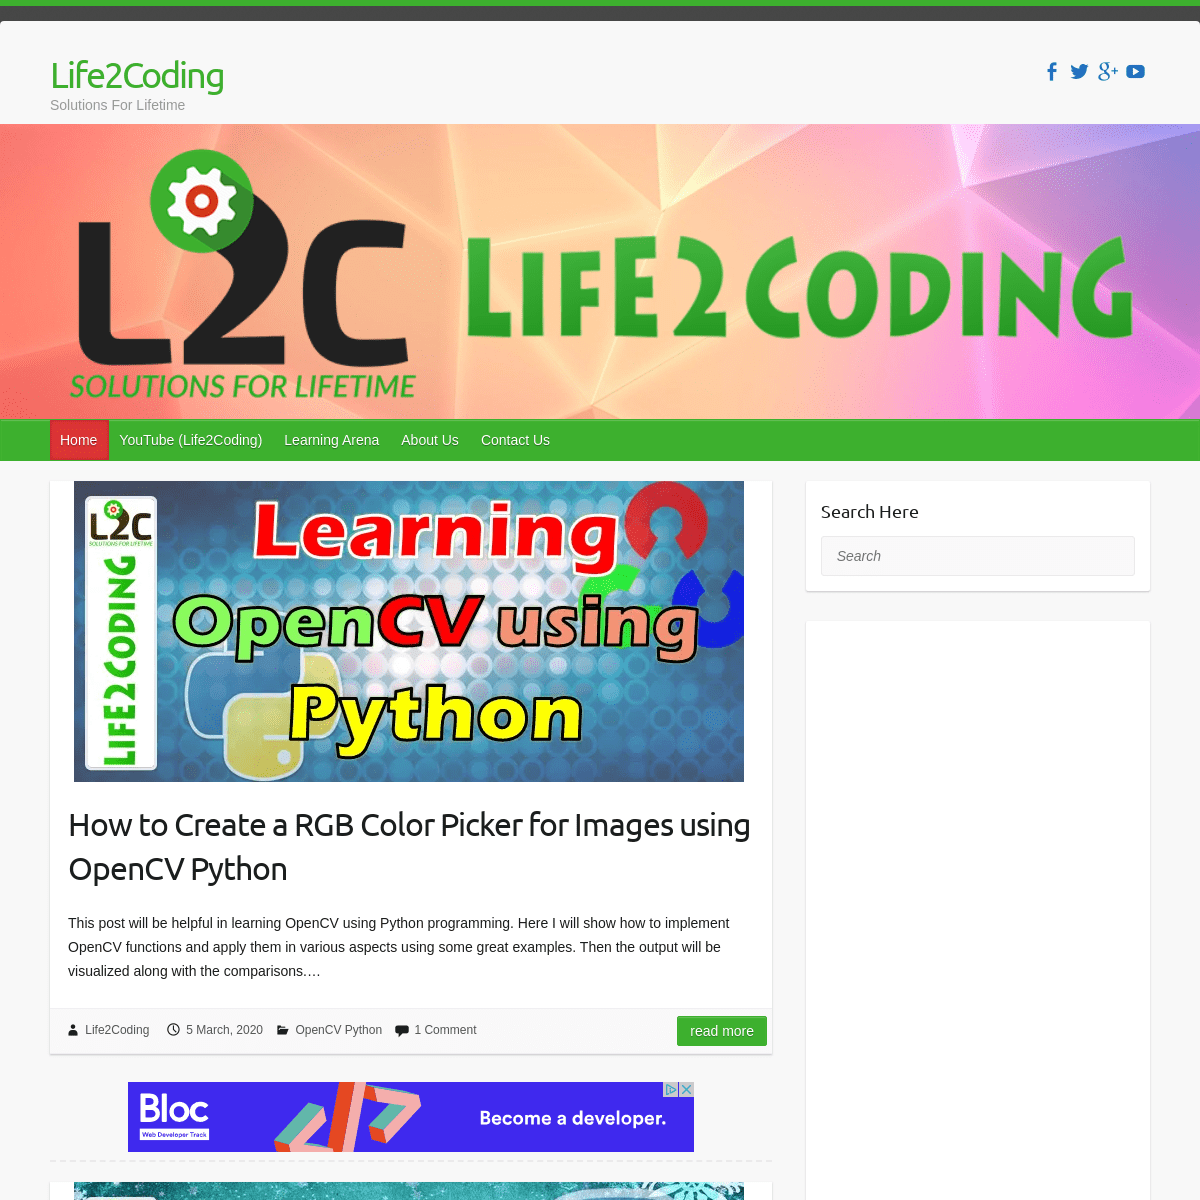 A complete backup of life2coding.com
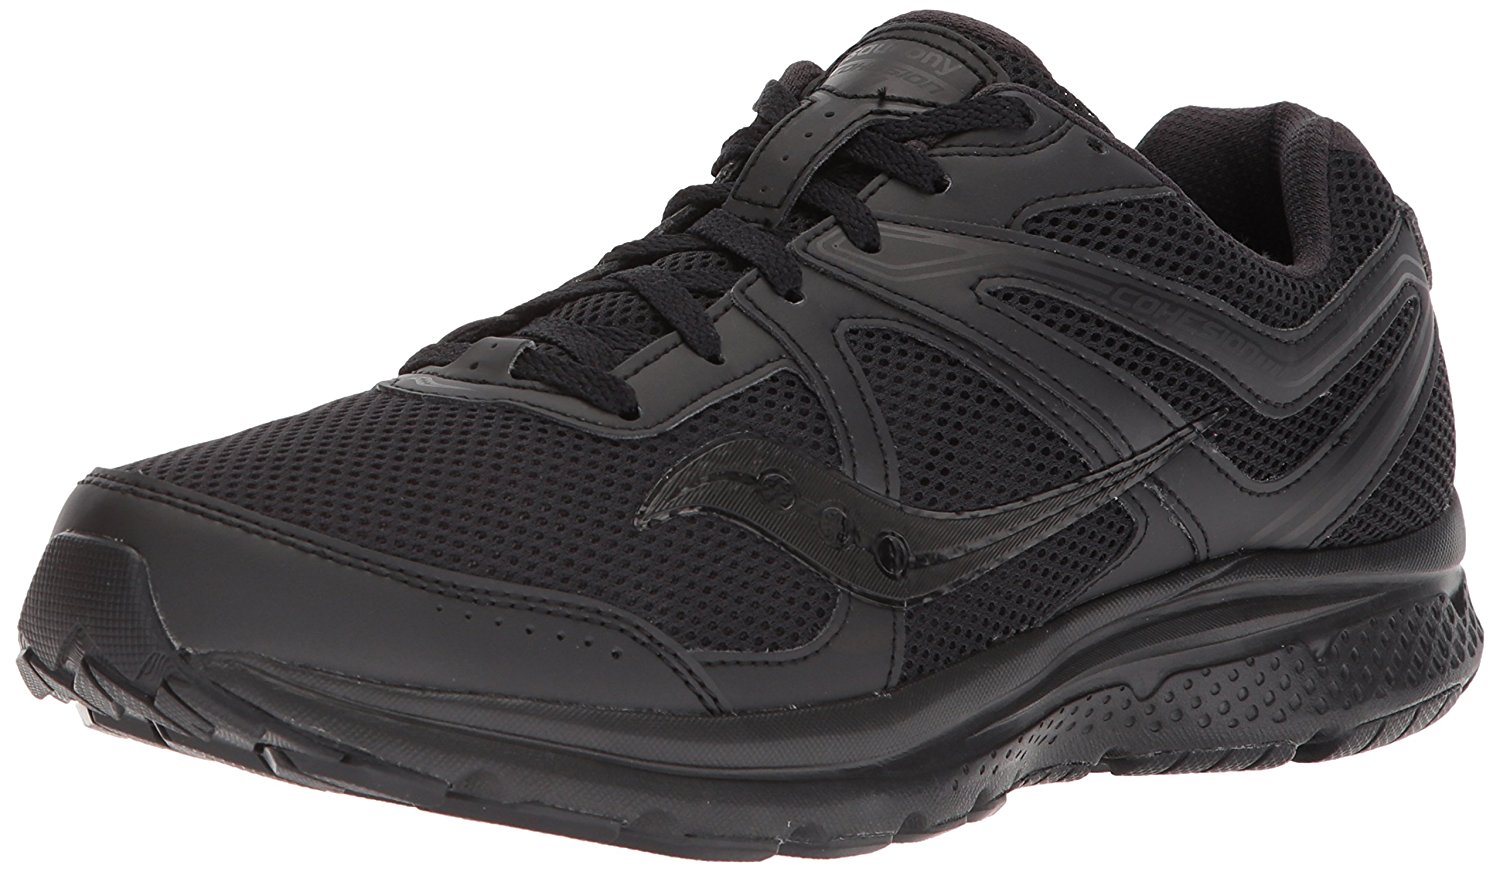 Saucony Men's Cohesion 11 Ankle-High Running Shoe 
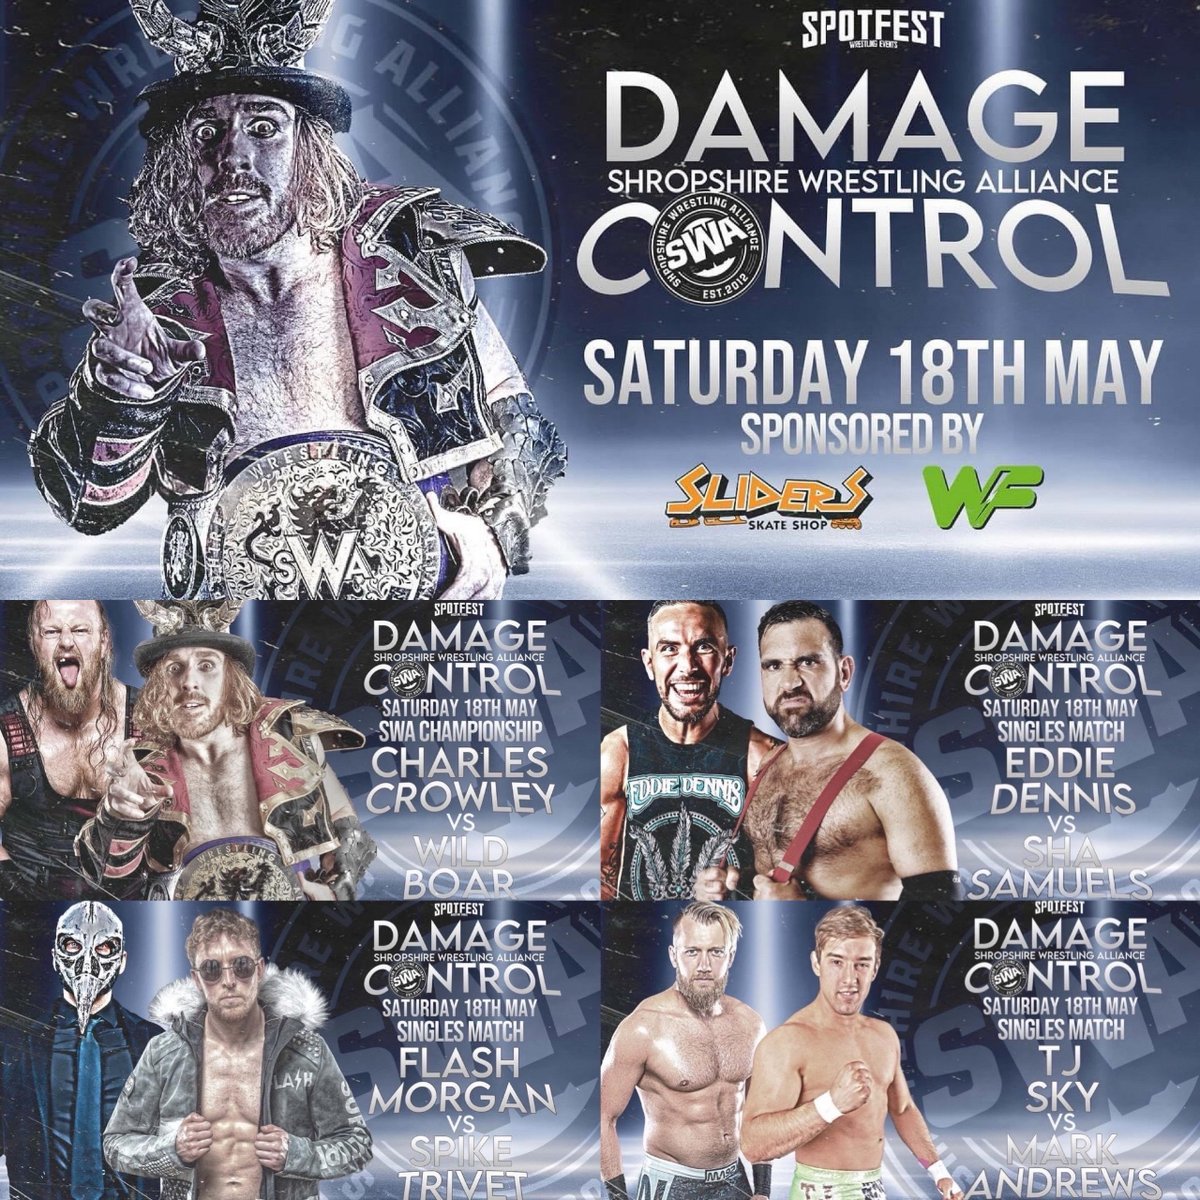 RealRasslin is at Dawley Town Hall in Telford this evening for Shropshire Wrestling Alliance’s stacked ‘Damage Control’ show. Tickets to see some of BritWres’ top talent are £12 Adults/£10 Children. Families £40 for 4. i.mtr.cool/gfqbbkmzpc #SWA #RealRasslin @ShropshireWres
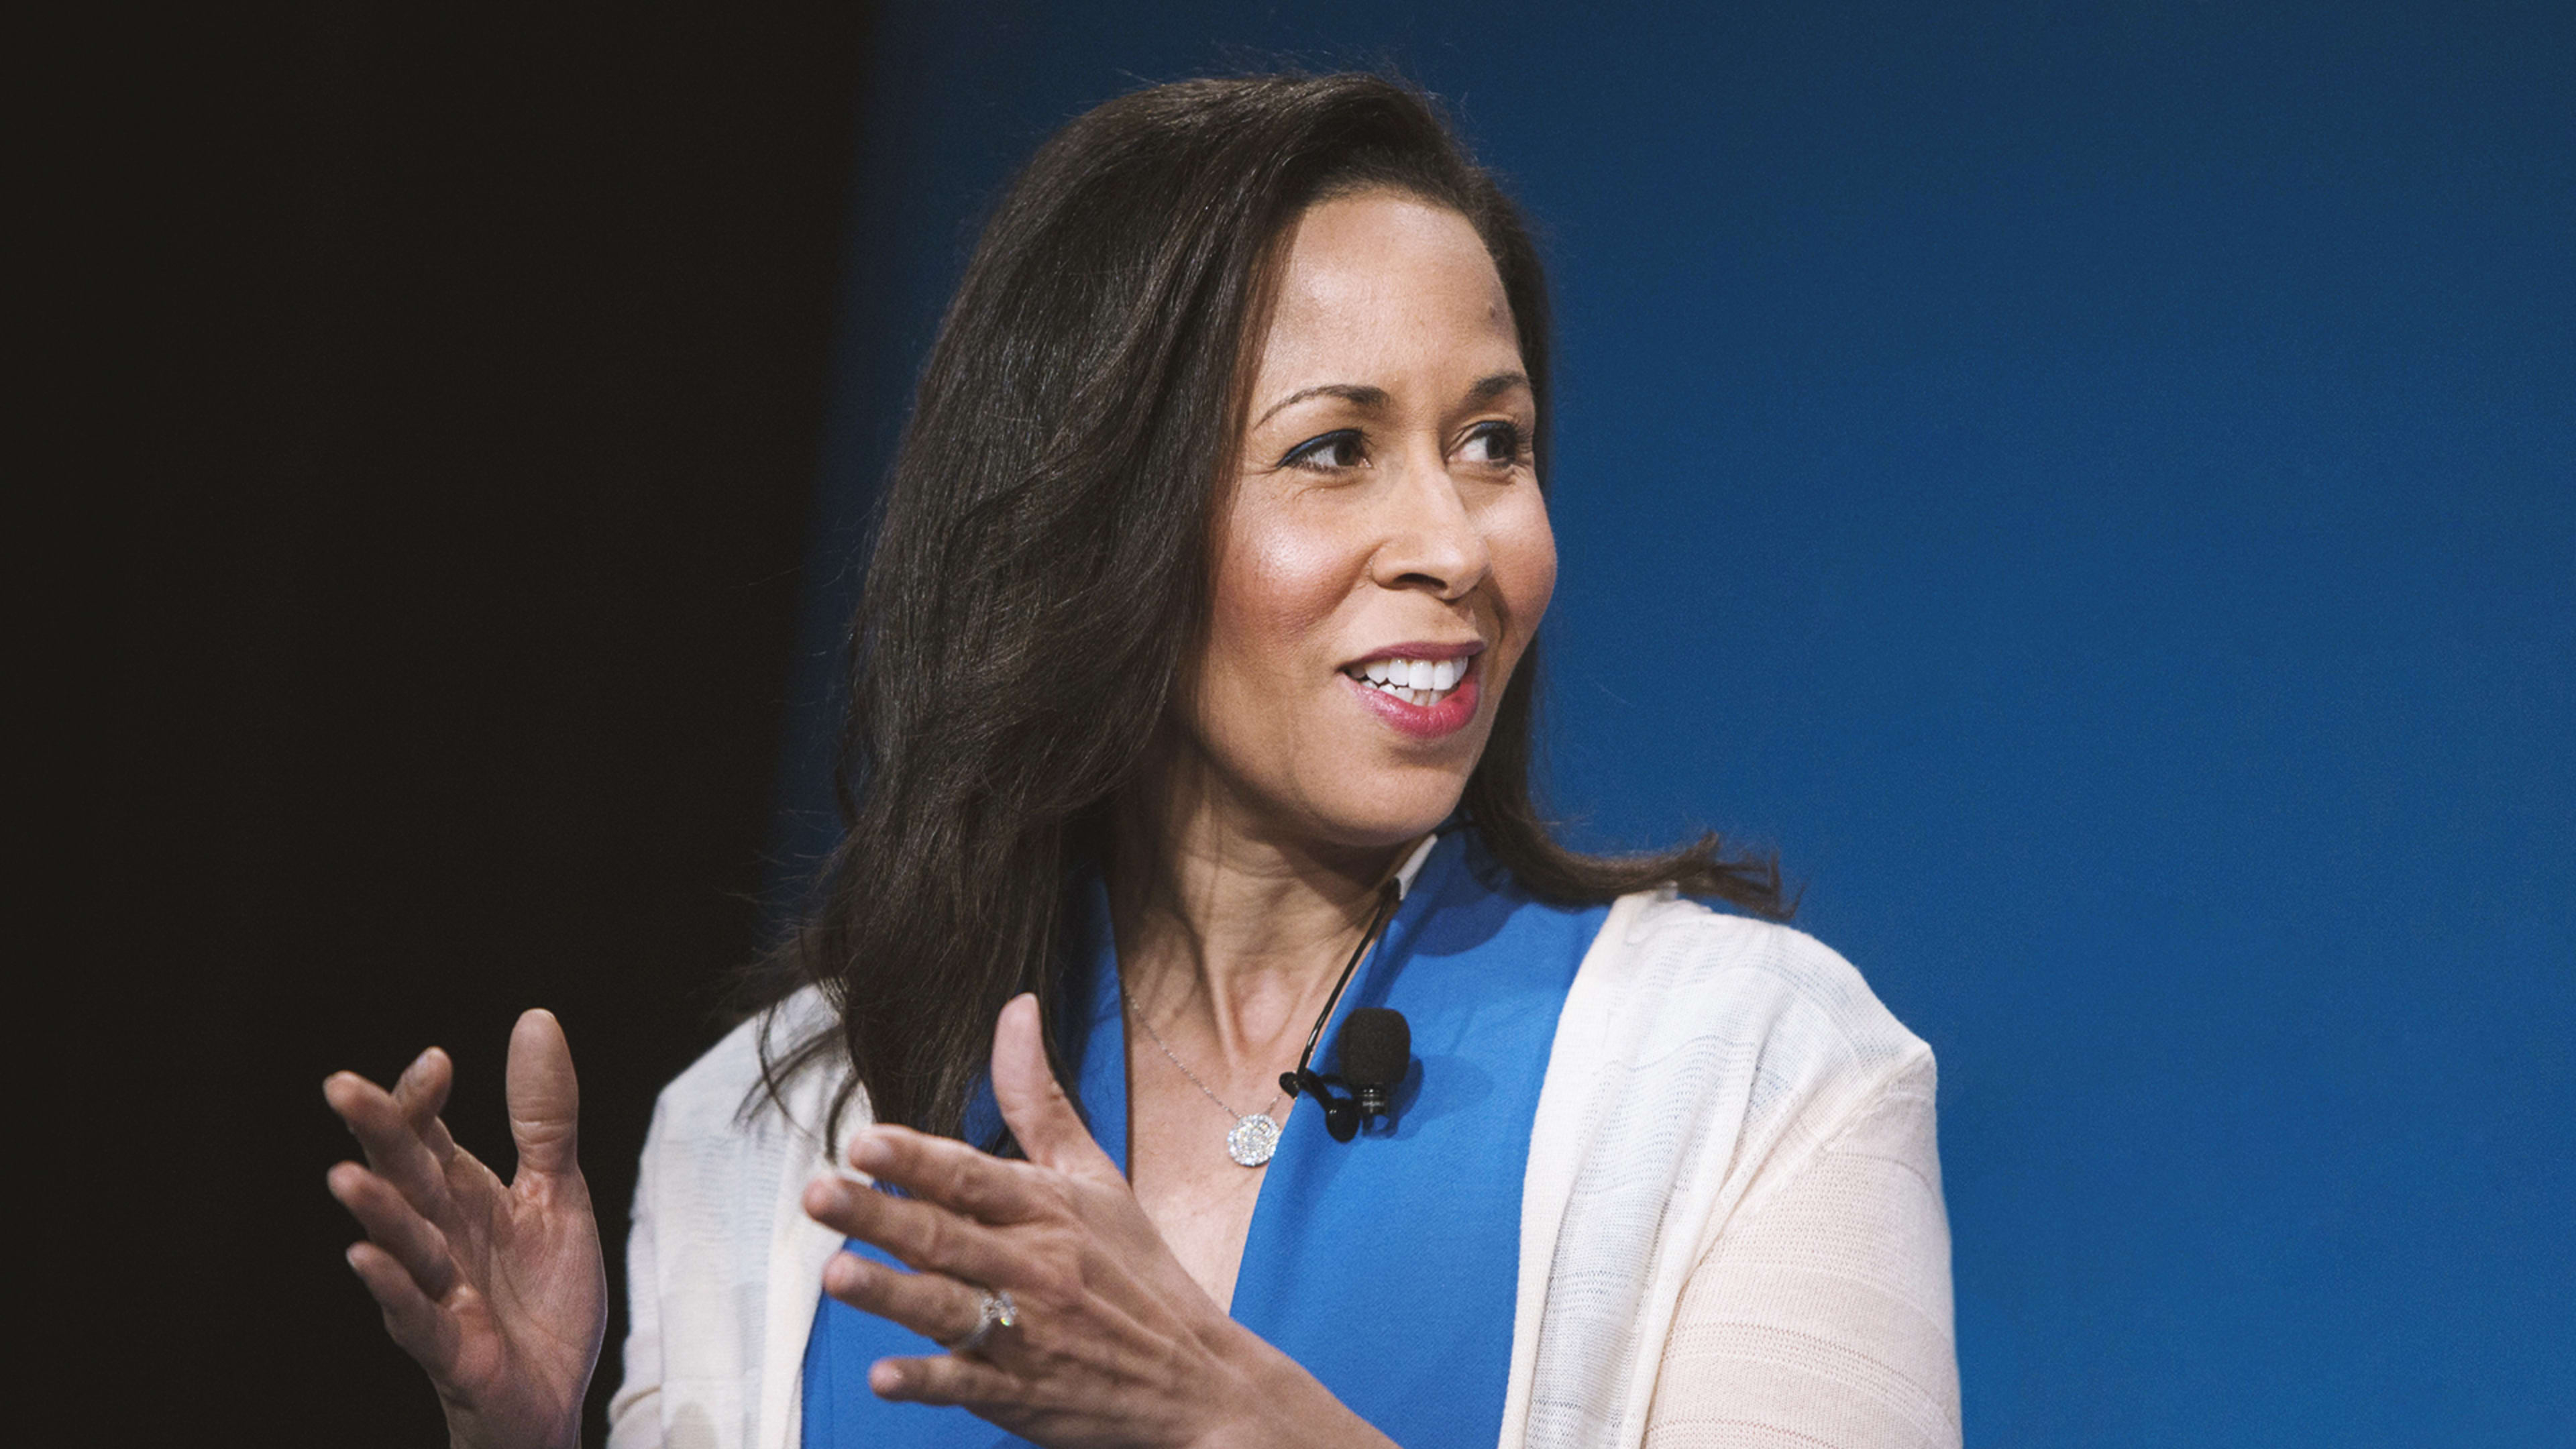 Facebook taps Peggy Alford as its first black female board member
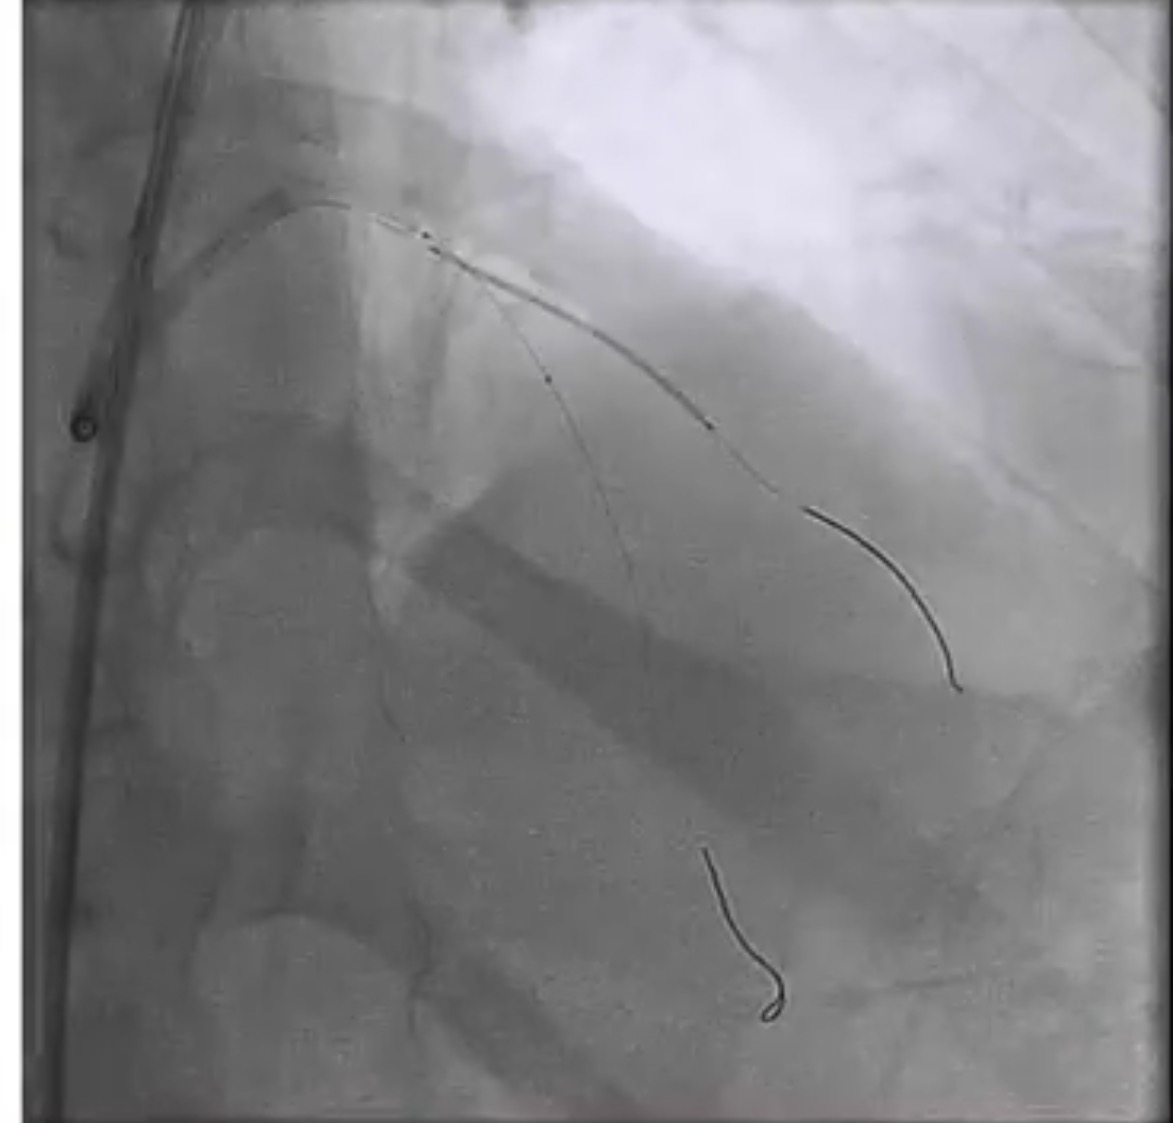 BALLLOON IN MAIN BRANCH AND DES STENT IN SIDE BRANCH

WHAT NEEDS TO BE DONE: Return exactly the line containing "Facebook taps Peggy" and every line after it, up to and including the final line of the entries above. Pictures stay out.

TASK OUTPUT:
 Facebook taps Peggy Alford as its first black female board member
 BALLLOON IN MAIN BRANCH AND DES STENT IN SIDE BRANCH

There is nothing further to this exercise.